Um novo mapa 3D revela pontos quentes e túneis para as superbolhas vizinhas que parecem ter sido criados por supernovas e explosões de estrelas na sua infância. Uma equipa de astrofísicos utilizou dados do All-Sky Survey do telescópio espacial eROSITA — que mapeia toda a esfera celeste que rodeia a Terra uma vez a cada seis meses — para criar um mapa 3D da bolha de gás quente que rodeia o sistema solar. Os dados também revelaram a presença de algo surpreendente: o que parece ser um «túnel interestelar», um canal entre estrelas que poderia ligar a bolha do sistema solar a uma superbolha na constelação de Centauro.
O nosso sistema solar é rodeado pela chamada Bolha Quente Local (LHB, na sigla em inglês), um ambiente de baixa densidade composto por um gás a milhões de graus que emite raios X. Os cientistas conhecem esta bolha há pelo menos cinco décadas e a sua existência ajudou-os a explicar a presença de um fundo de raios X de energia relativamente baixa.
Graças aos dados do eROSITA All-Sky Survey, a equipa de cientistas do Instituto Max Planck de Física Extraterrestre (Alemanha) conseguiu observar um amplo gradiente de temperaturas nesta bolha que contém pontos quentes e frios. Estas variações térmicas estão relacionadas com explosões passadas de supernovas que fizeram com que a bolha se sobreaquecesse e se tornasse maior, explicam os investigadores.
No entanto, os dados também mostraram a presença de um túnel interestelar, um canal que liga a bolha do sistema solar a outra bolha localizada na constelação de Centauro, onde se encontra a estrela mais próxima do Sol, Proxima Centauri.
Um mapa da bolha
O eROSITA está a 1,5 milhões de quilómetros da Terra, o que lhe permite observar o espaço ao redor do nosso planeta a partir de fora da geocorona terrestre, evitando a contaminação de outros sinais. «Os dados que foram divulgados este ano fornecem a visão mais nítida do céu de raios X até à data, o que o torna o instrumento perfeito para estudar o LHB», afirma Michael Yeung, investigador do Max Planck e principal autor do estudo publicado recentemente na Astronomy & Astrophysics.
Esta equipa de investigadores do Max Plank já tinha estabelecido anteriormente que a densidade do gás quente do LHB é relativamente uniforme. No novo estudo, os cientistas dividiram o hemisfério da Via Láctea em 2.000 regiões distintas para analisar a luz de todas elas. Ao comparar a densidade já conhecida com o gás das nuvens moleculares frias e densas na borda do LHB, a equipa conseguiu criar um mapa tridimensional detalhado da bolha.
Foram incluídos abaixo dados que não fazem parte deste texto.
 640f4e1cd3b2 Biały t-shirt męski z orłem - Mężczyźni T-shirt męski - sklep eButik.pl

Os dados deste mapa refletiam uma clara disparidade de temperaturas na LHB, onde se vê que o Norte Galáctico é mais frio que o Sul Galáctico. O mapa também mostra que a LHB se estende até aos pólos do hemisfério galáctico, o que confirma os dados recolhidos pelo antecessor do eROSITA, o ROSAT, há aproximadamente três décadas.
Mas o novo mapa 3D revelou algo até agora desconhecido. «O que não sabíamos era a existência de um túnel interestelar em direção a Centaurus, que cria um buraco no meio interestelar mais frio», explica Michael Freyberg, outro dos autores do estudo. «Esta região destaca-se claramente graças à sensibilidade muito melhorada do eROSITA e a uma estratégia de estudo muito diferente em comparação com o ROSAT».
Uma rede de túneis
Além do mapa 3D do LHB, a equipa também criou um censo de restos de supernovas, superburbujas e poeira, que incorporaram ao mapa para construir um modelo interativo em 3D da vizinhança cósmica do sistema solar.
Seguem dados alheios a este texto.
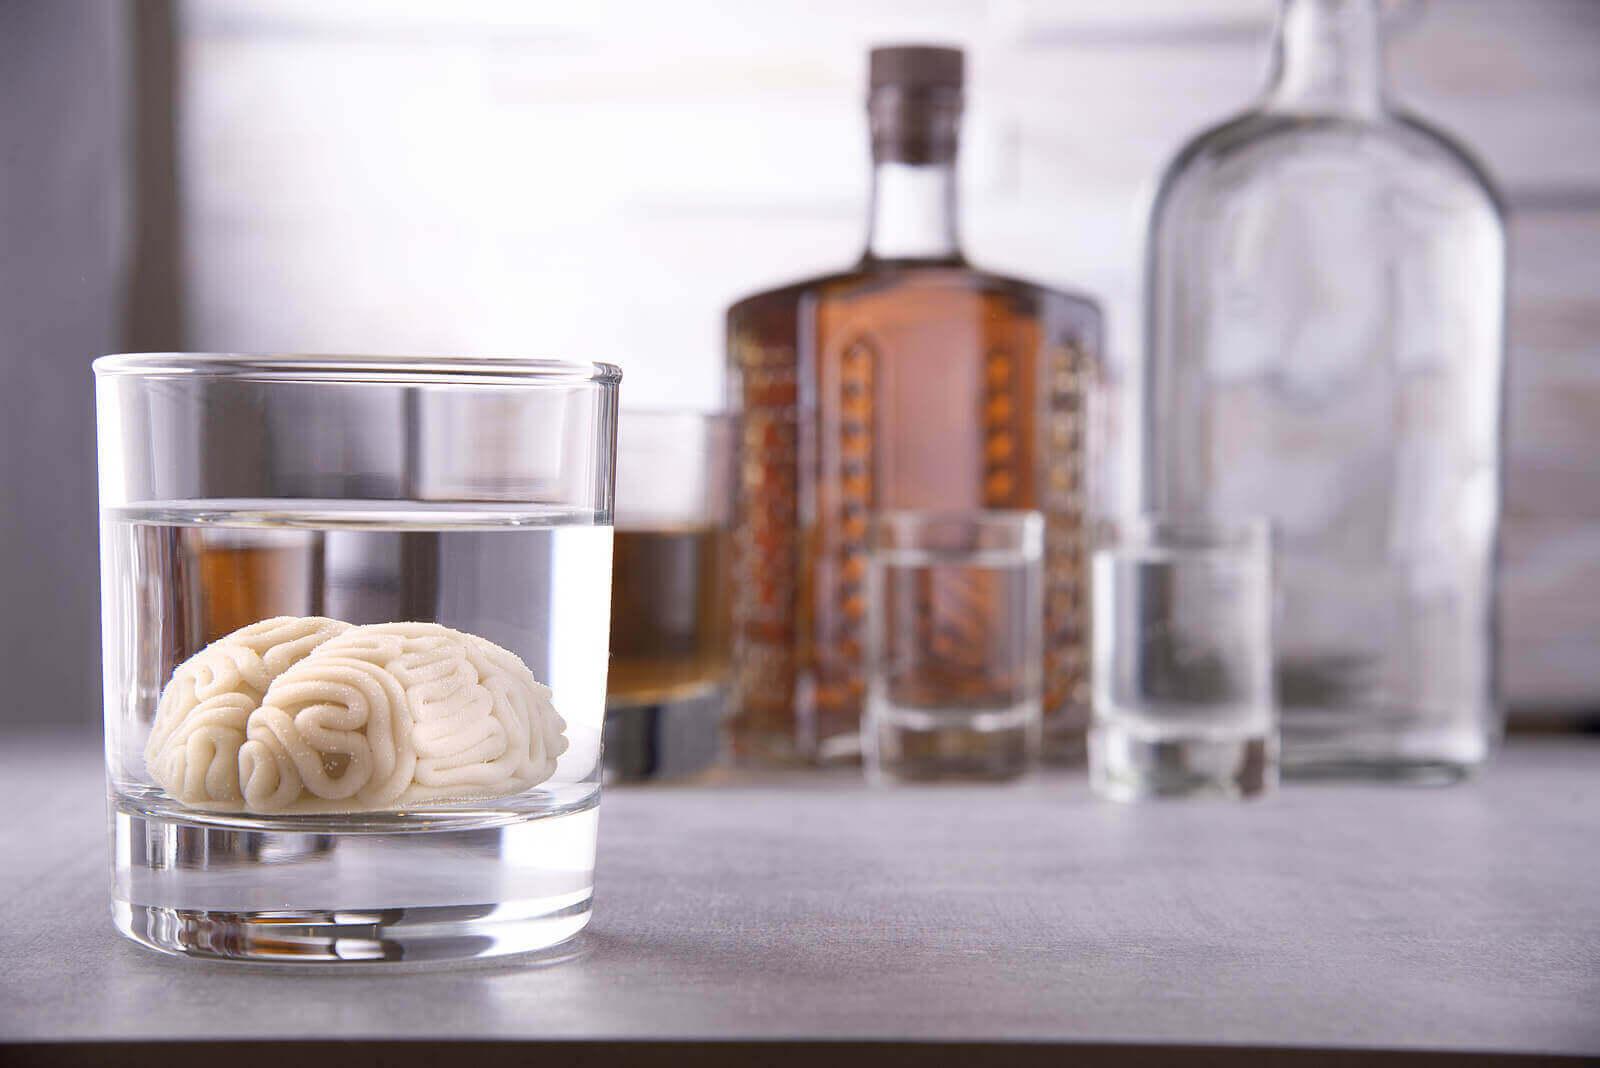 alkol şişeleri ve bir bardak alkole yatırılmış beyin

Os investigadores suspeitam que o túnel de Centaurus no LHB possa ser, na verdade, parte de uma rede de túneis de gás quente que abriu caminho entre o gás frio que existe entre as estrelas. Esta rede, afirmam, mantém-se graças à influência das estrelas na forma de ventos estelares, supernovas que marcam a morte de estrelas massivas e jatos que brotam de estrelas recém-formadas.
Esses fenómenos são conhecidos coletivamente como retroalimentação estelar e acredita-se que percorram toda a Via Láctea, dando-lhe a sua forma. Na verdade, já se sabia da presença de outro túnel, chamado Canis Majoris, que se acredita se estender entre o LHB e a nebulosa Gum, uma superbolha mais distante.
«Outro facto interessante é que o Sol deve ter entrado no LHB há alguns milhões de anos, um tempo muito curto em comparação com a idade do Sol [4,6 mil milhões de anos]», disse Gabriele Ponti, outro dos autores. «É pura coincidência que o Sol pareça ocupar uma posição relativamente central no LHB à medida que nos movemos continuamente pela Via Láctea».